## Given data
- Opening Delimiter -

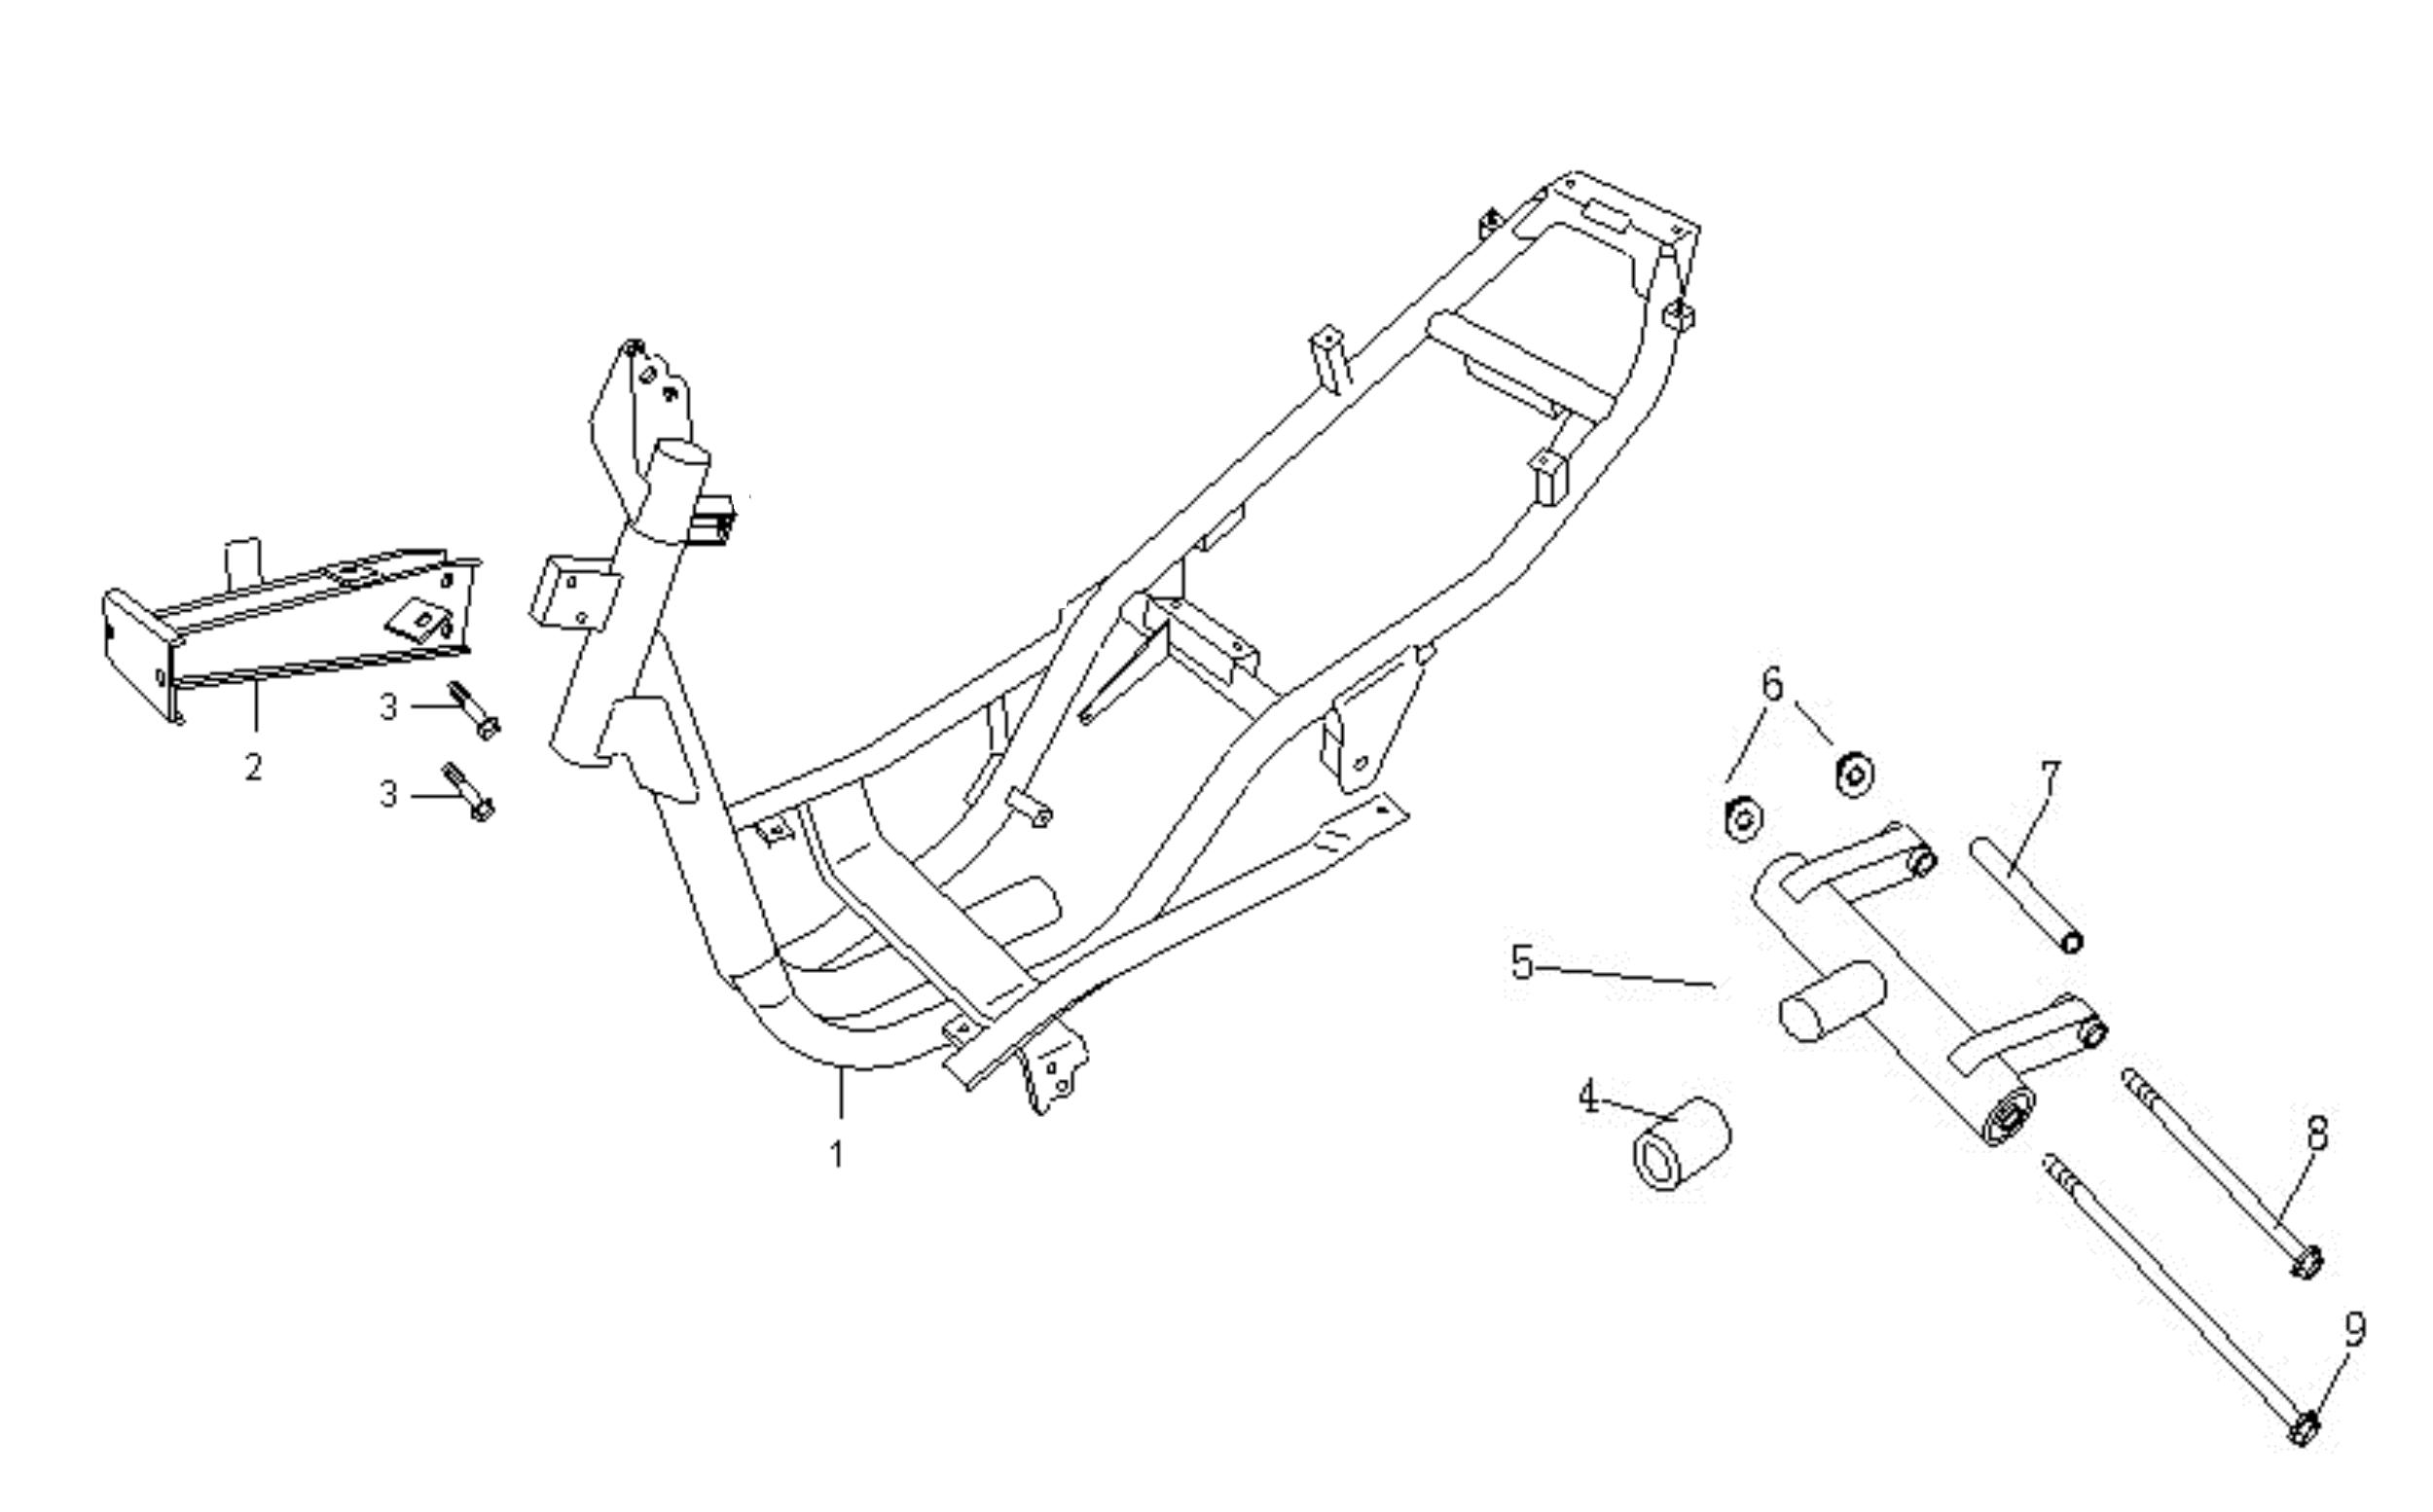 Rahmen, Motoraufhängung f. FZG m. 4-Taktmotor
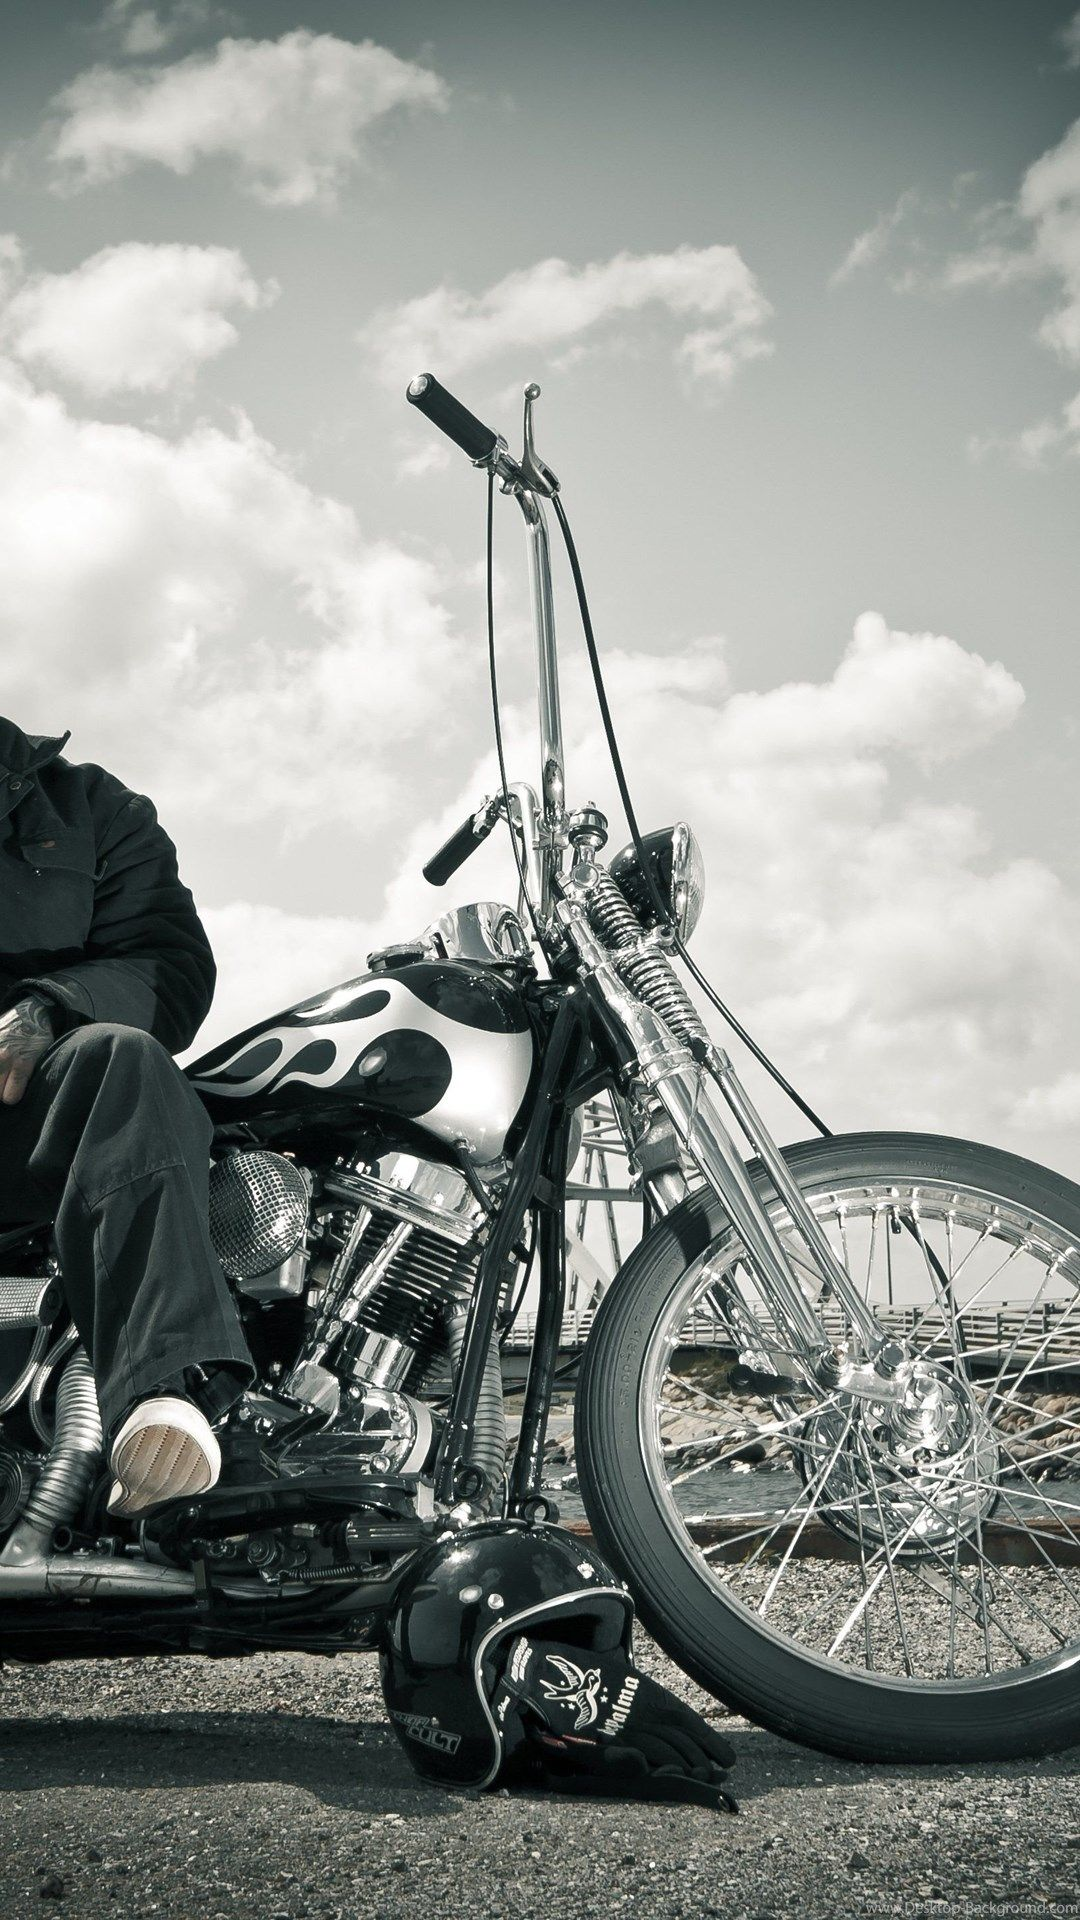 Biker Harley Davidson Chopper Bike Wallpapers Desktop Background
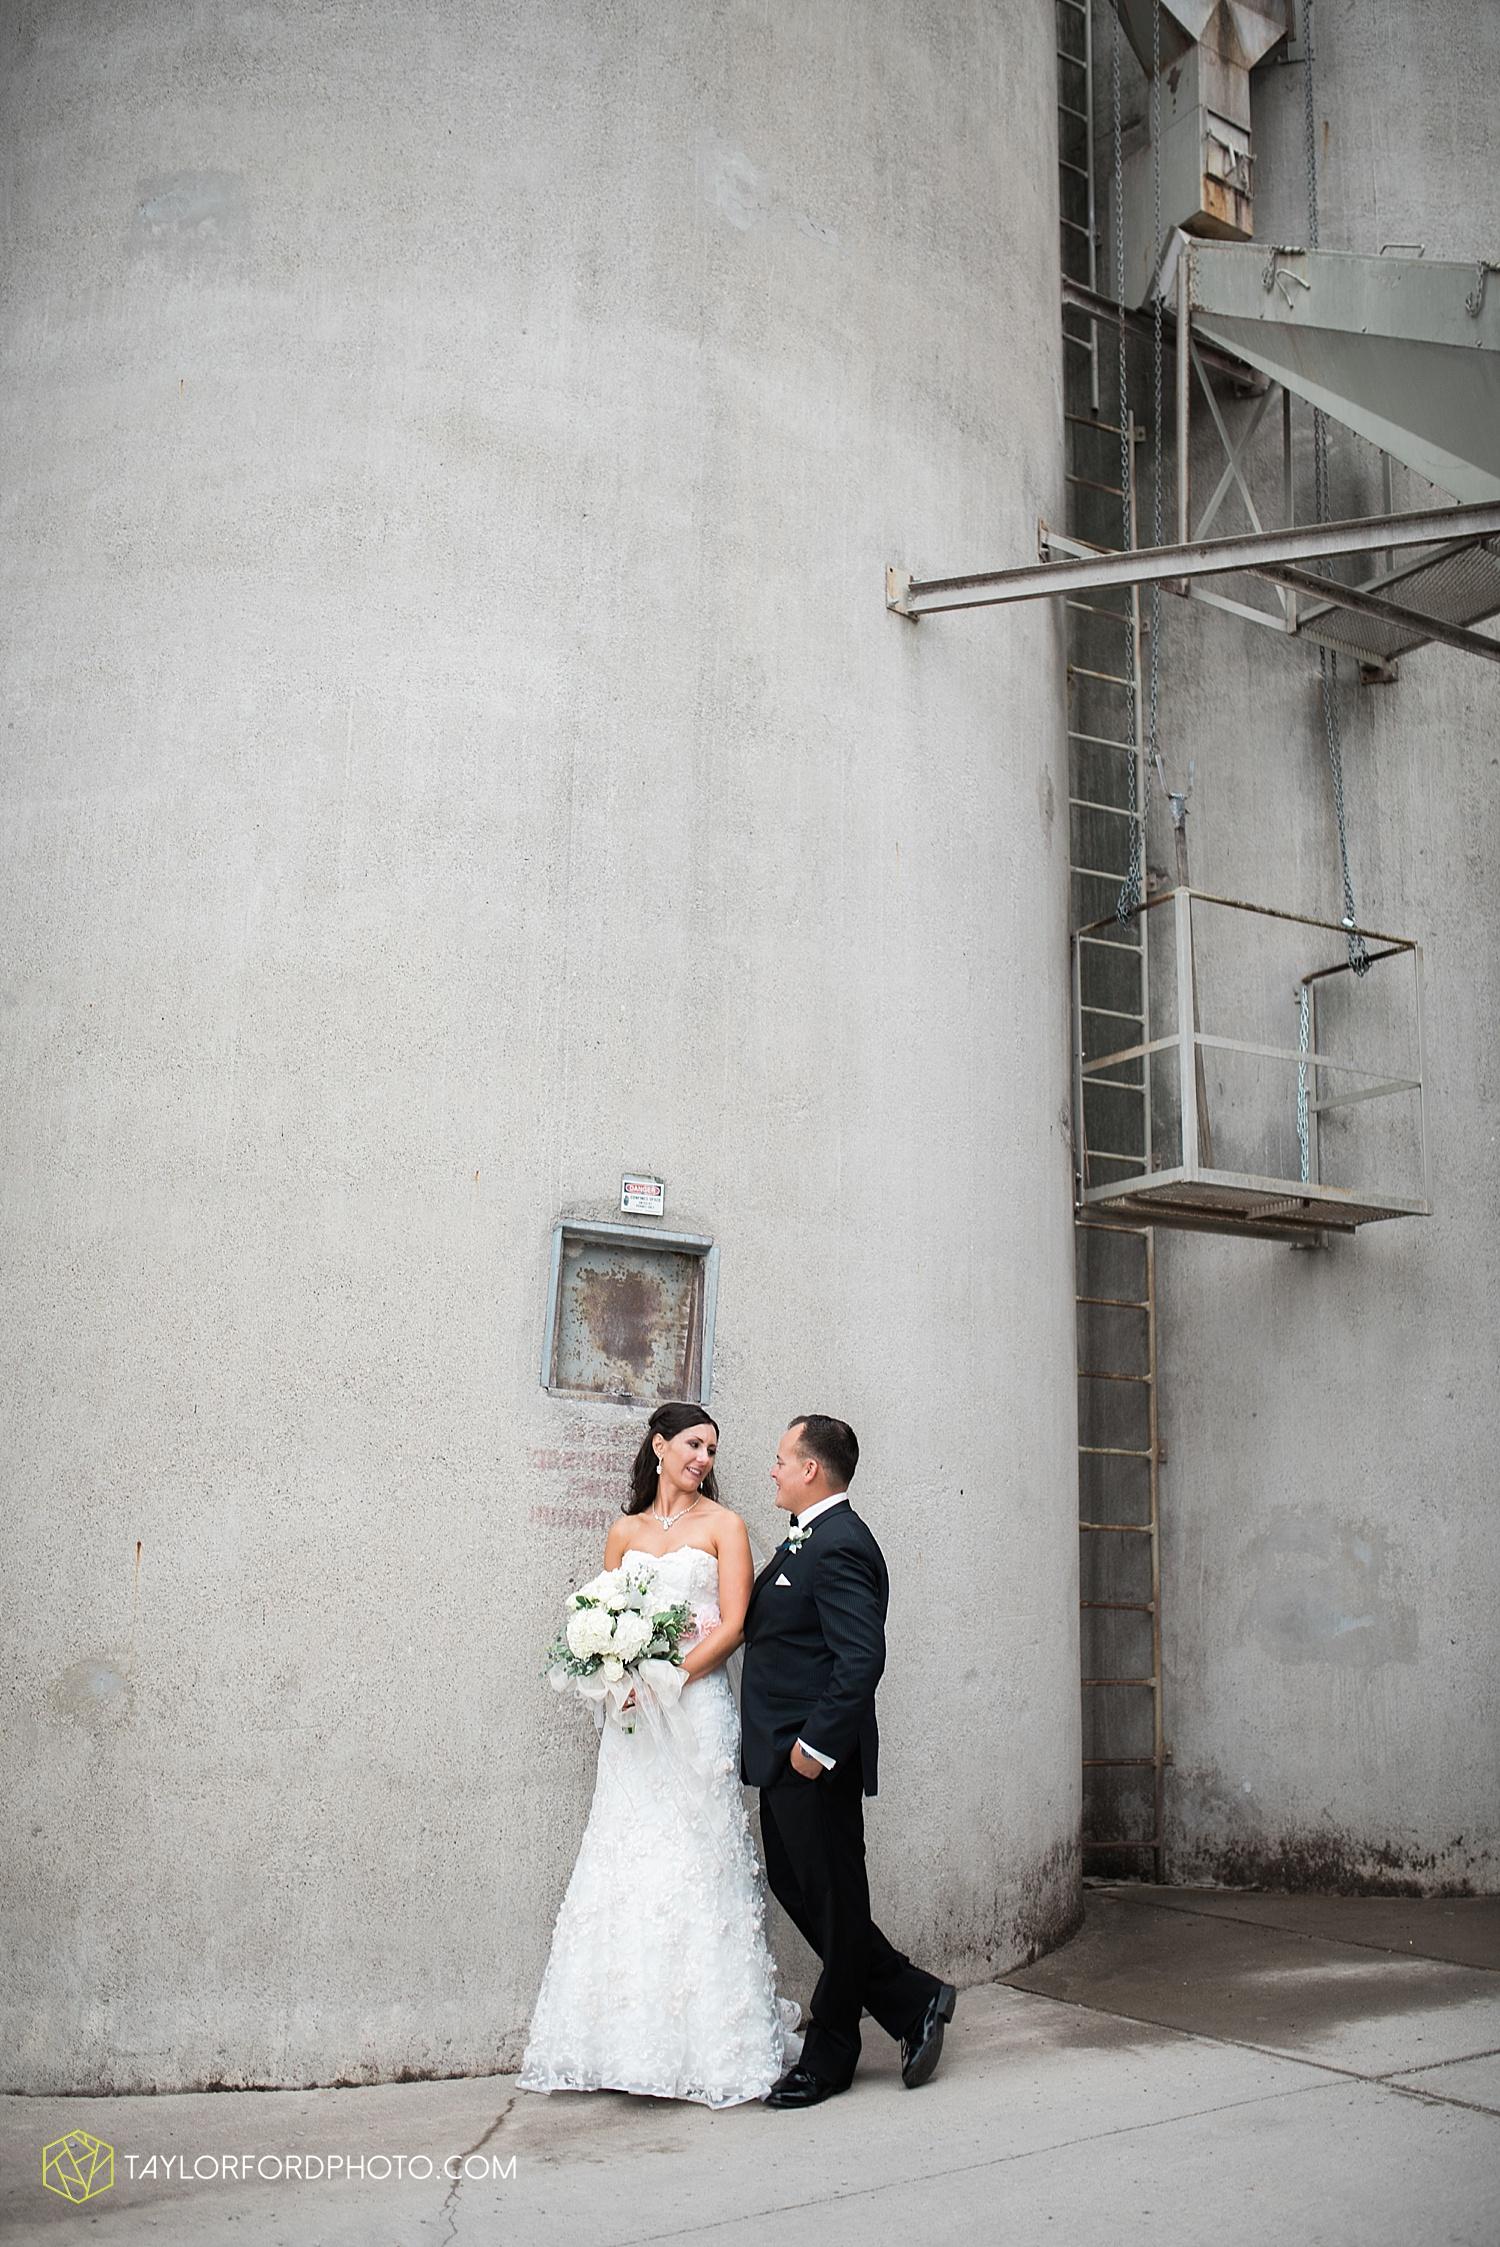 fort_wayne_indiana_wedding_photographer_taylor_ford_dupont_downs_0473.jpg

- Closing Delimiter -

## Work to be completed
Print the material above exactly, skipping its images.

## Your solution
 Rahmen, Motoraufhängung f. FZG m. 4-Taktmotor
 Biker Harley Davidson Chopper Bike Wallpapers Desktop Background
 fort_wayne_indiana_wedding_photographer_taylor_ford_dupont_downs_0473.jpg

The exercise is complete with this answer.